GOAL OF THE EXERCISE:
Copy out the data below from the line containing "Kalogeras beach'in fotoğrafı" to the line containing "Civilt? del silenzio", both lines included, with all images left out.

DATASET RECORDS:
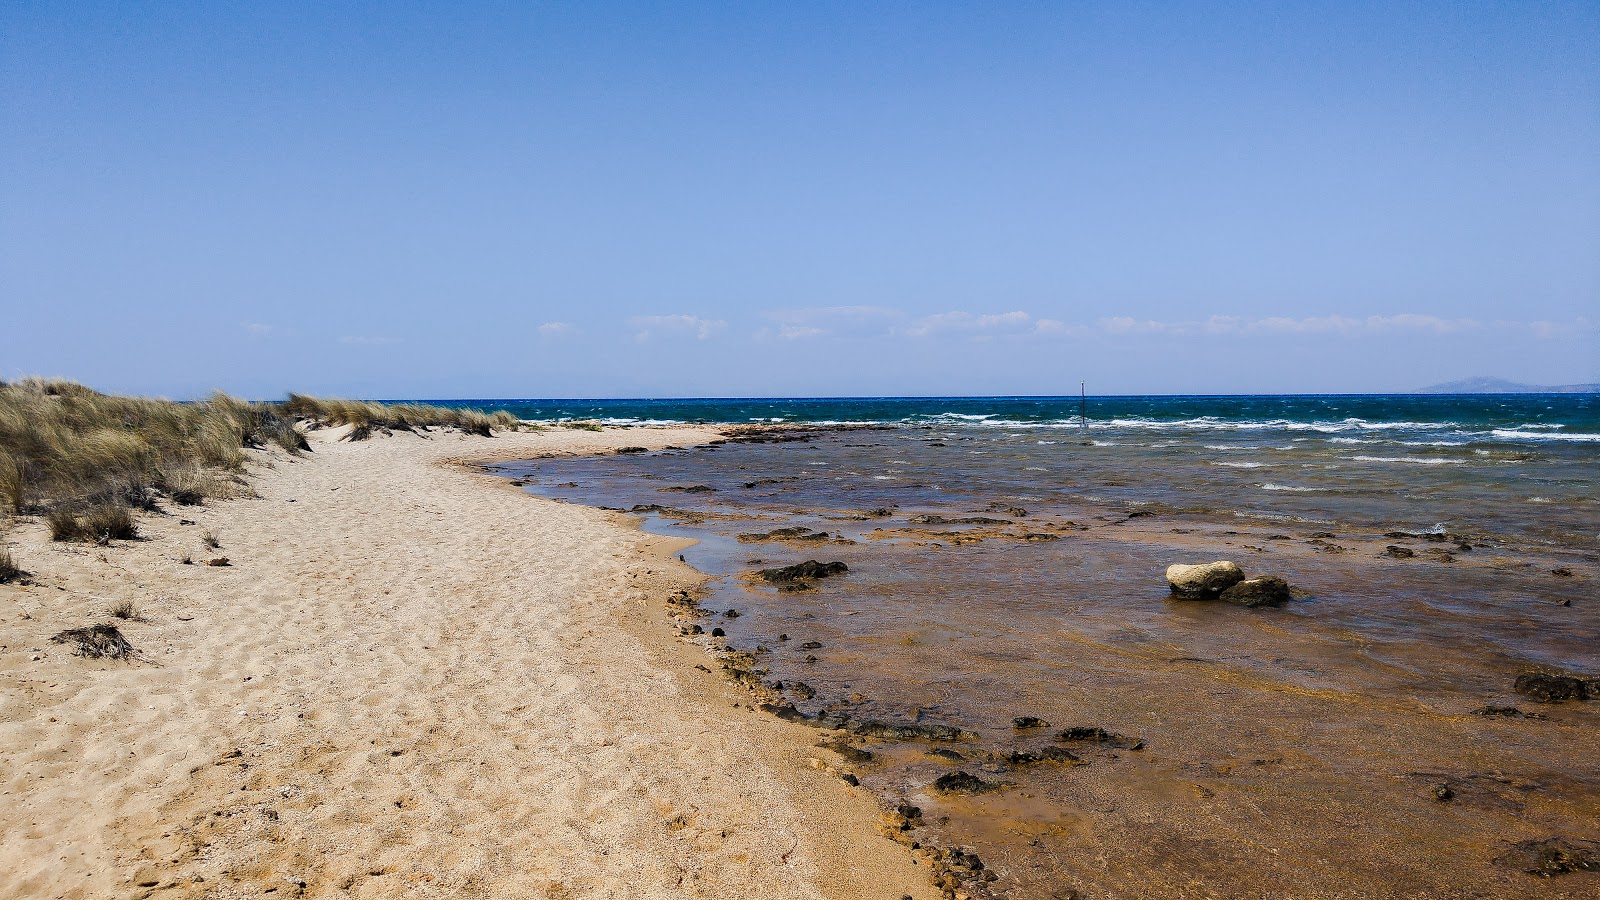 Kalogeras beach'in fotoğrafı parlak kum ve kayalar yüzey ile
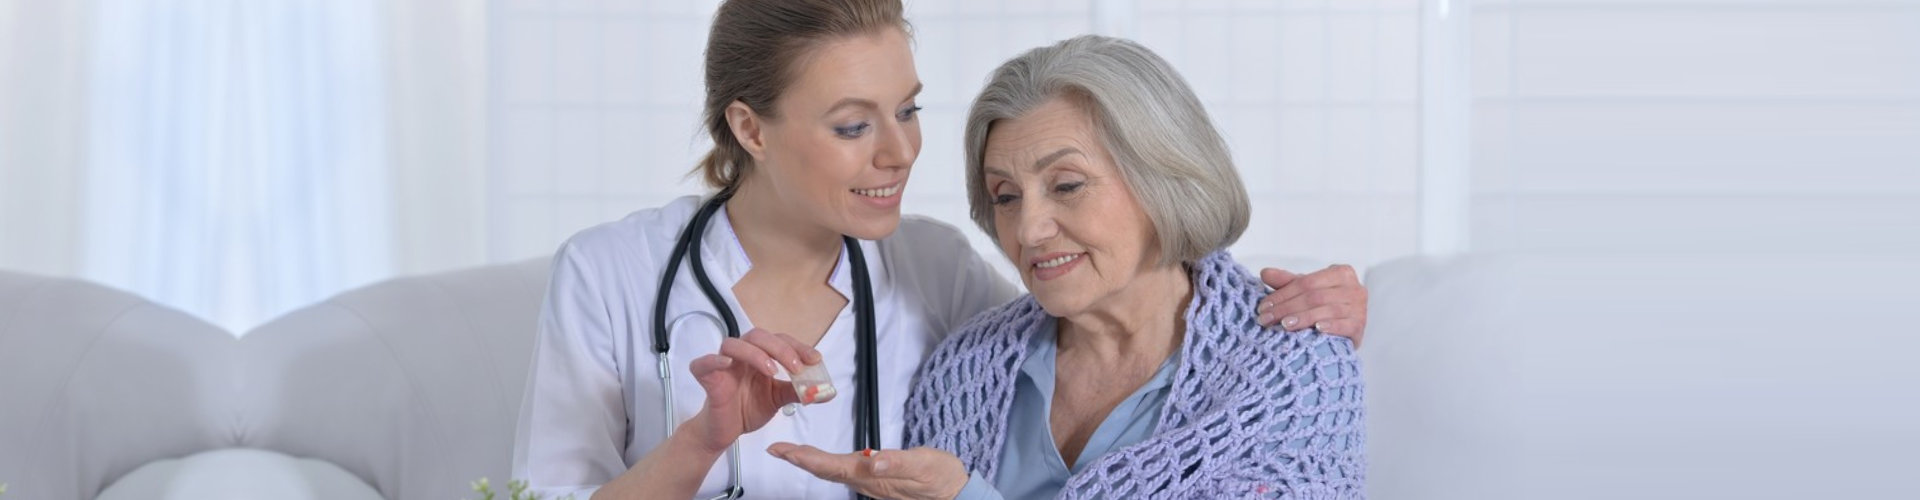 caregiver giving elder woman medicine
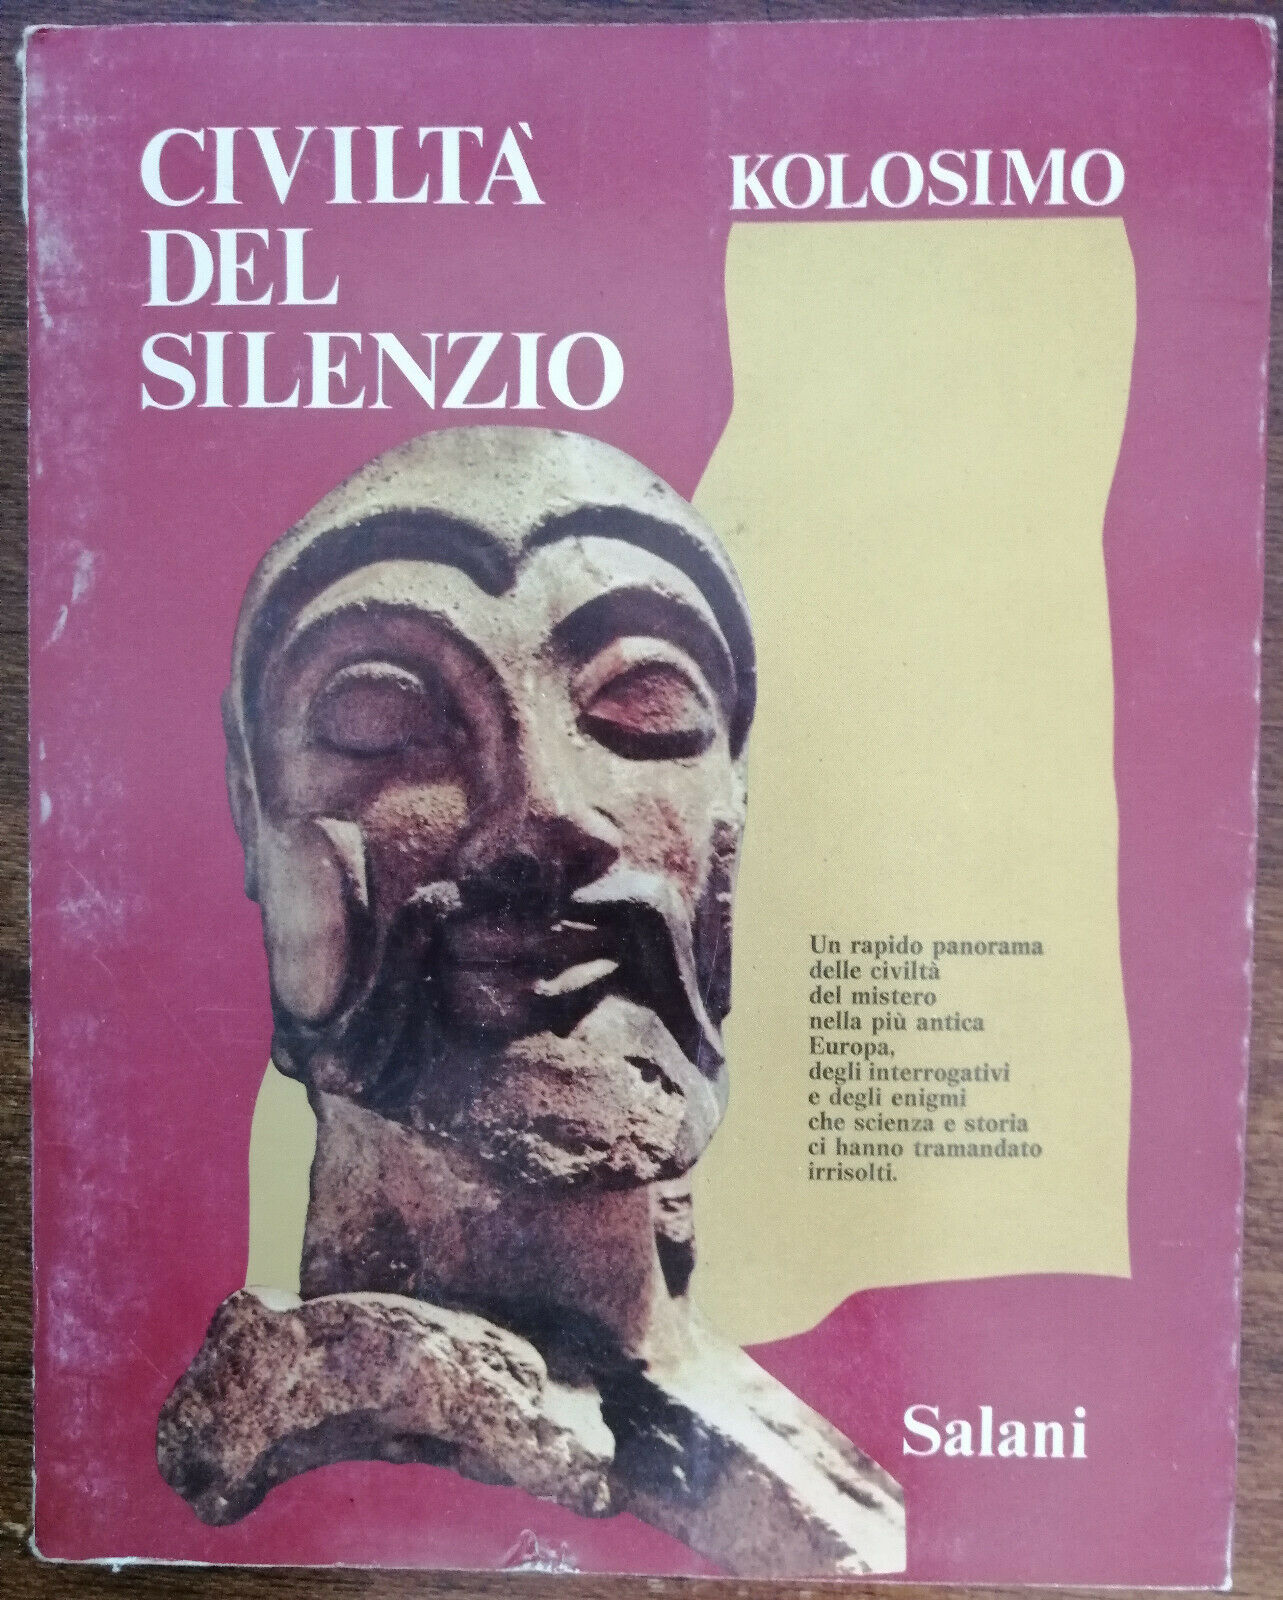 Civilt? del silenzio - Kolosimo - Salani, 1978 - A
...
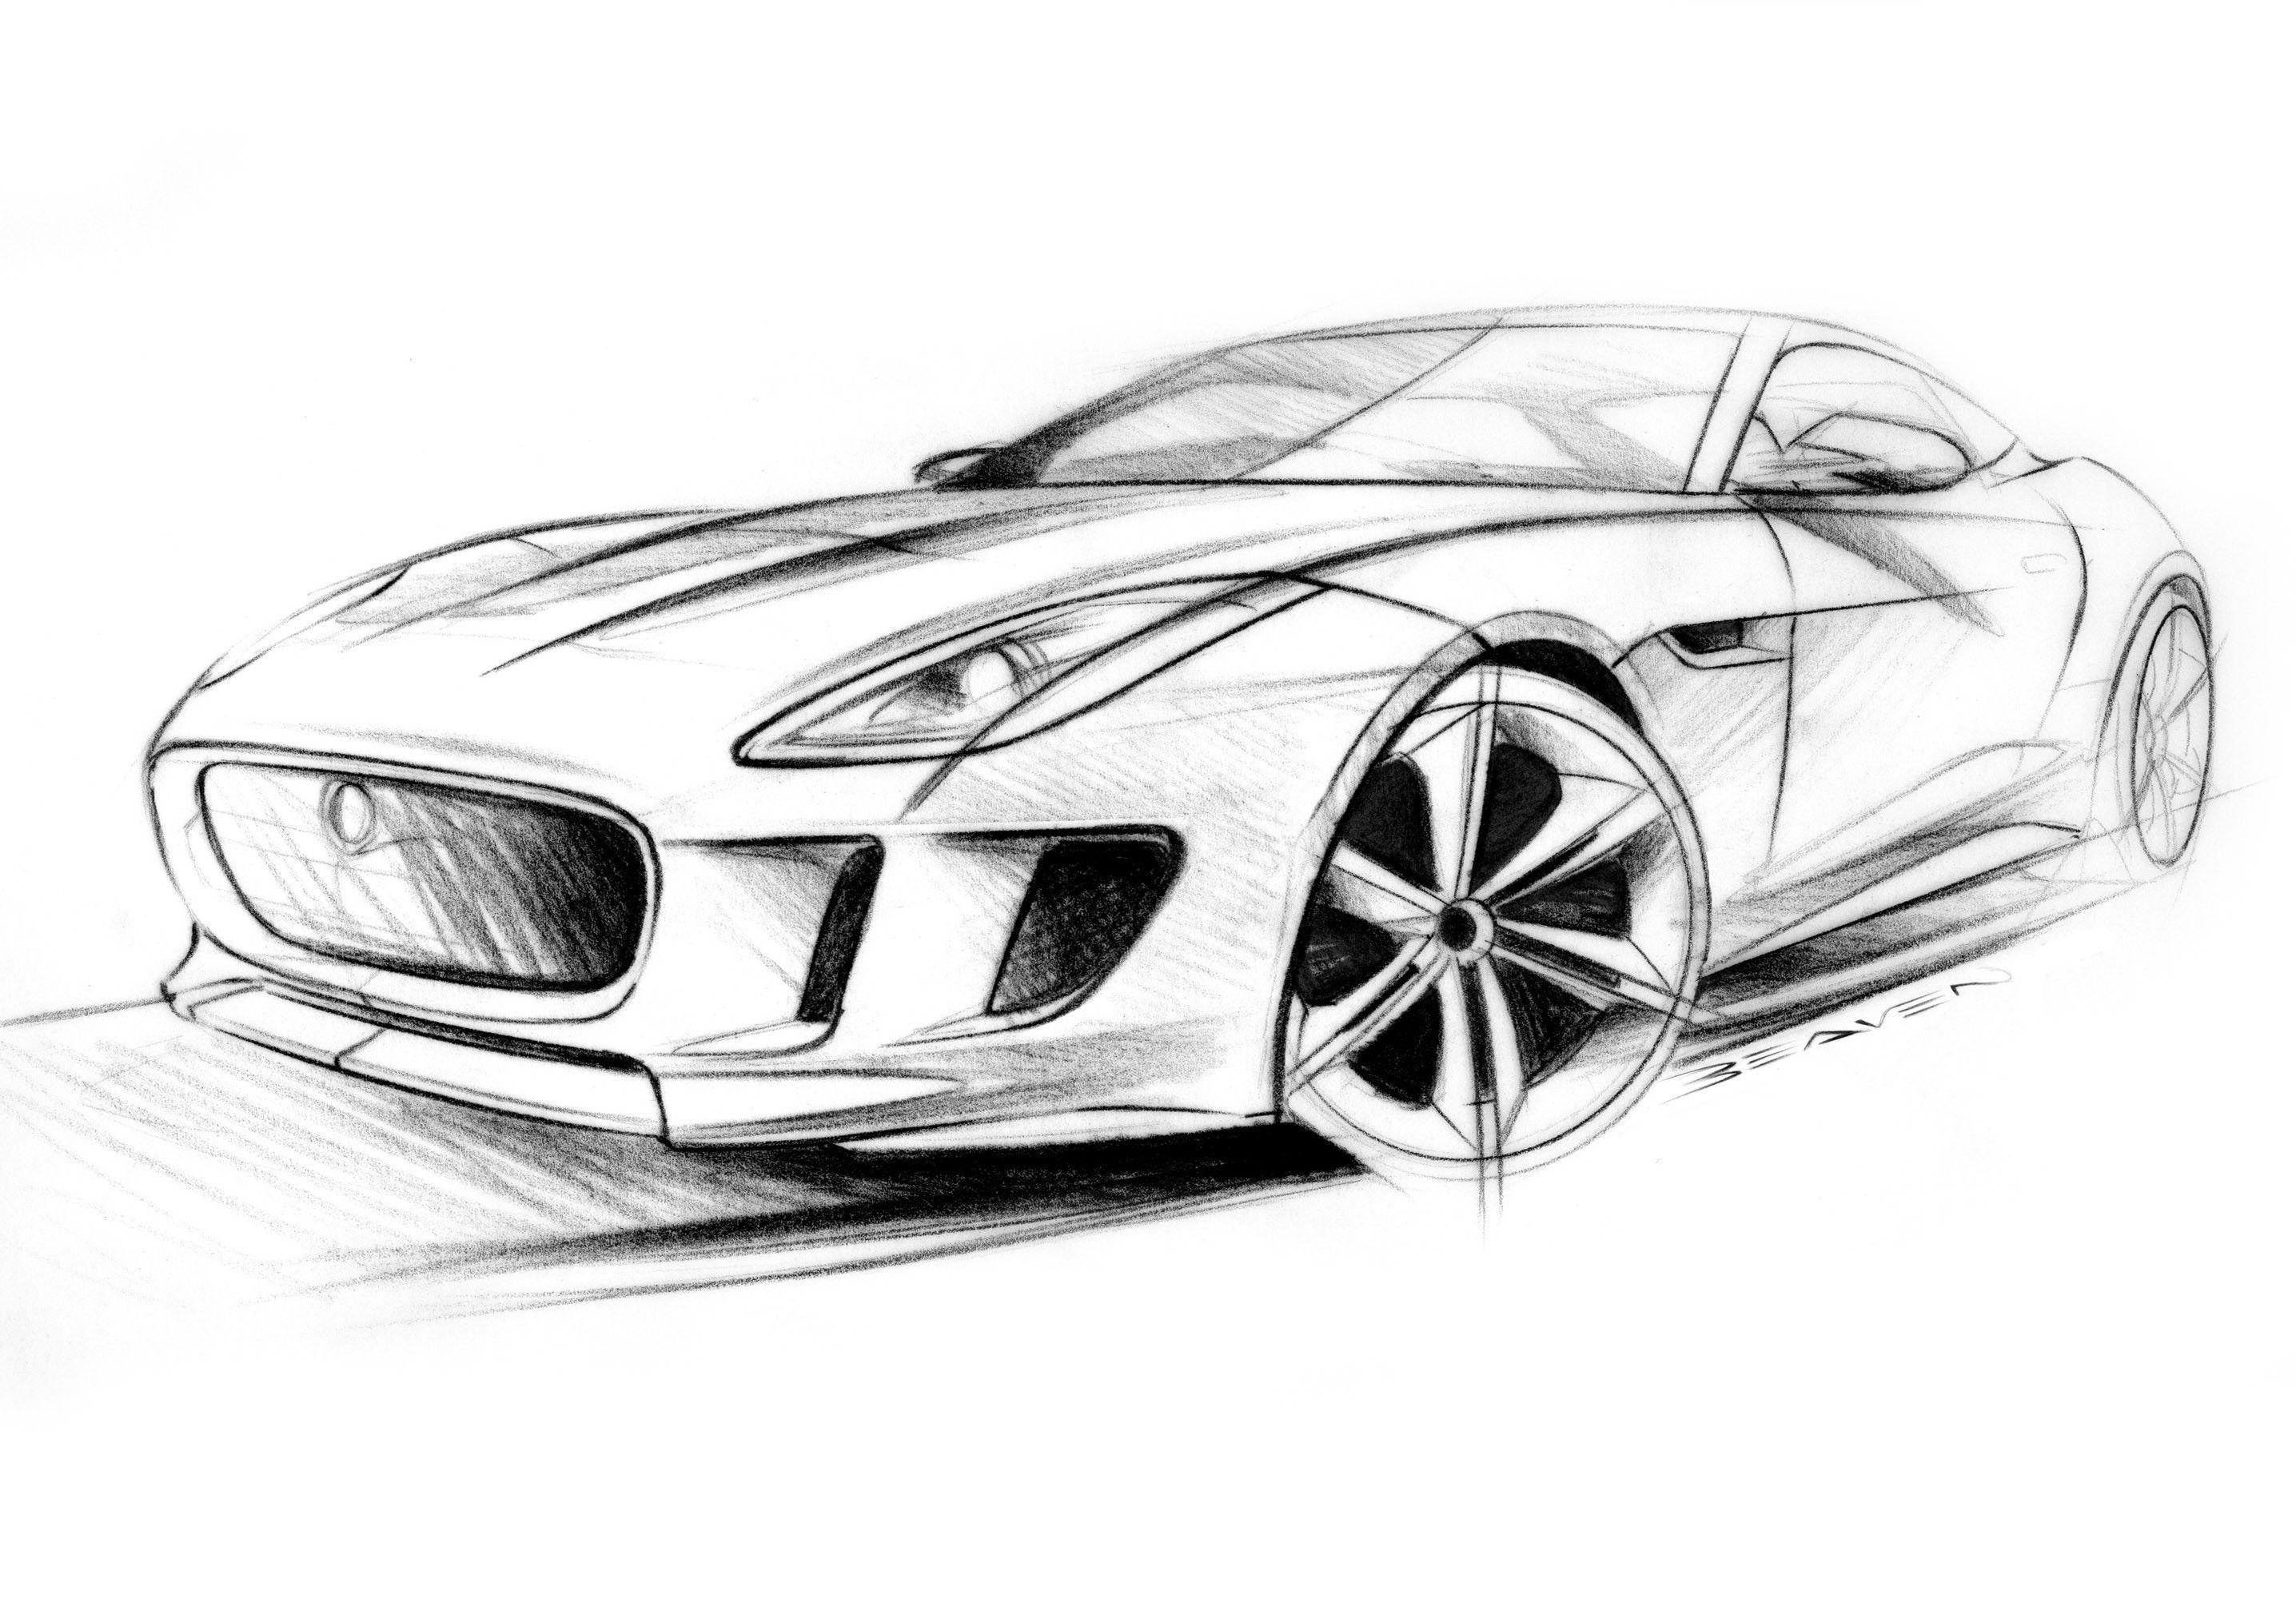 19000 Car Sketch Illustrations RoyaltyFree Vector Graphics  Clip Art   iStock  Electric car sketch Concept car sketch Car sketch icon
--
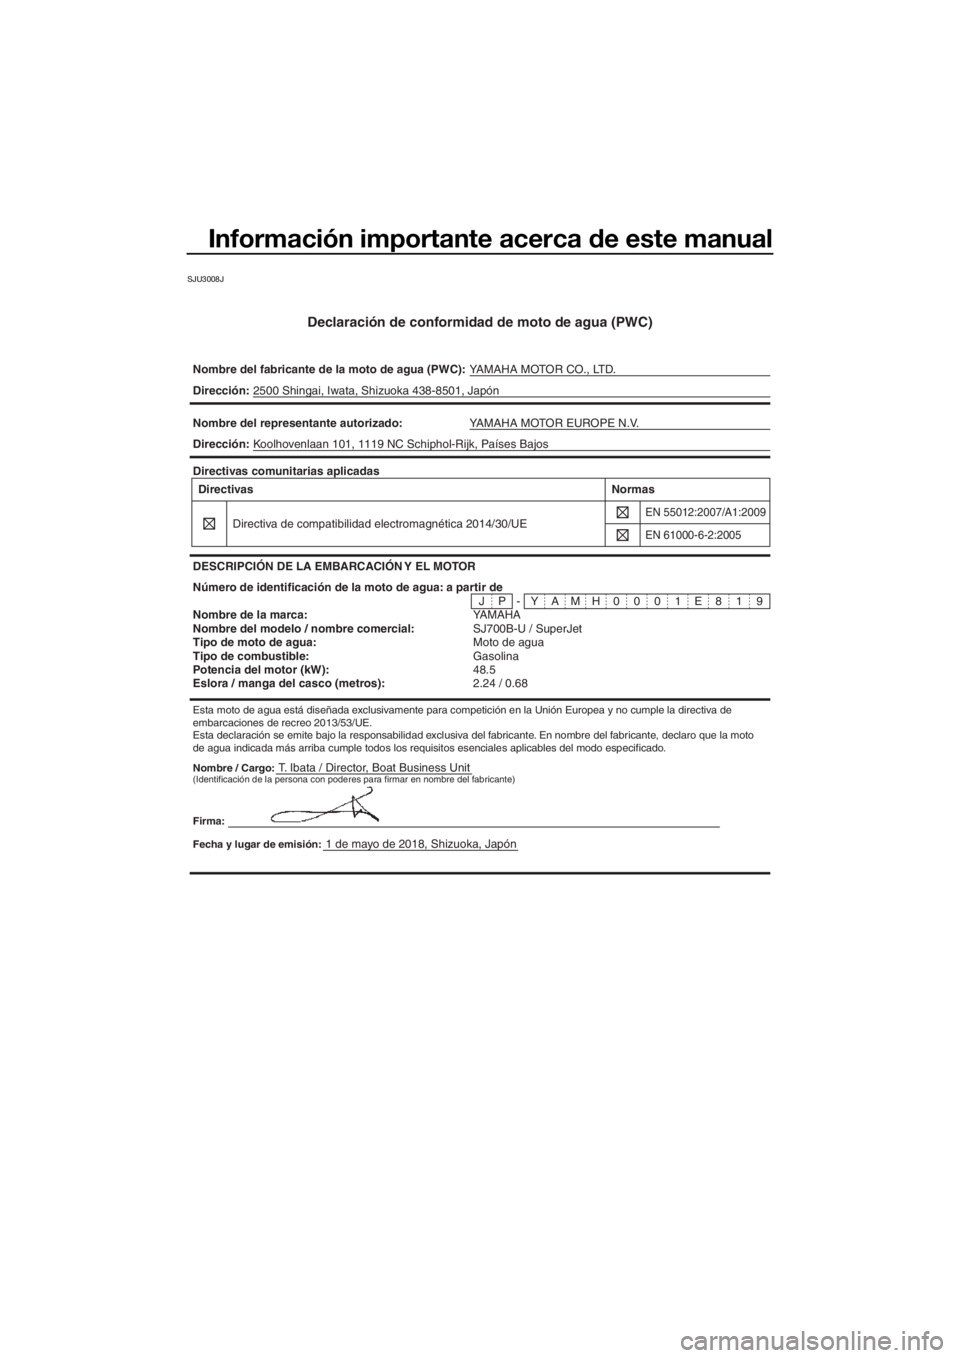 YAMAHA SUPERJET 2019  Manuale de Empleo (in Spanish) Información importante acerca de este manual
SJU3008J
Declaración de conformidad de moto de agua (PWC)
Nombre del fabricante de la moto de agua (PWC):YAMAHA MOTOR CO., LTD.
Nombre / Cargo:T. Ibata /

SOLUTION FOR THIS PROBLEM:
 Kalogeras beach'in fotoğrafı parlak kum ve kayalar yüzey ile
 caregiver giving elder woman medicine
 Civilt? del silenzio - Kolosimo - Salani, 1978 - A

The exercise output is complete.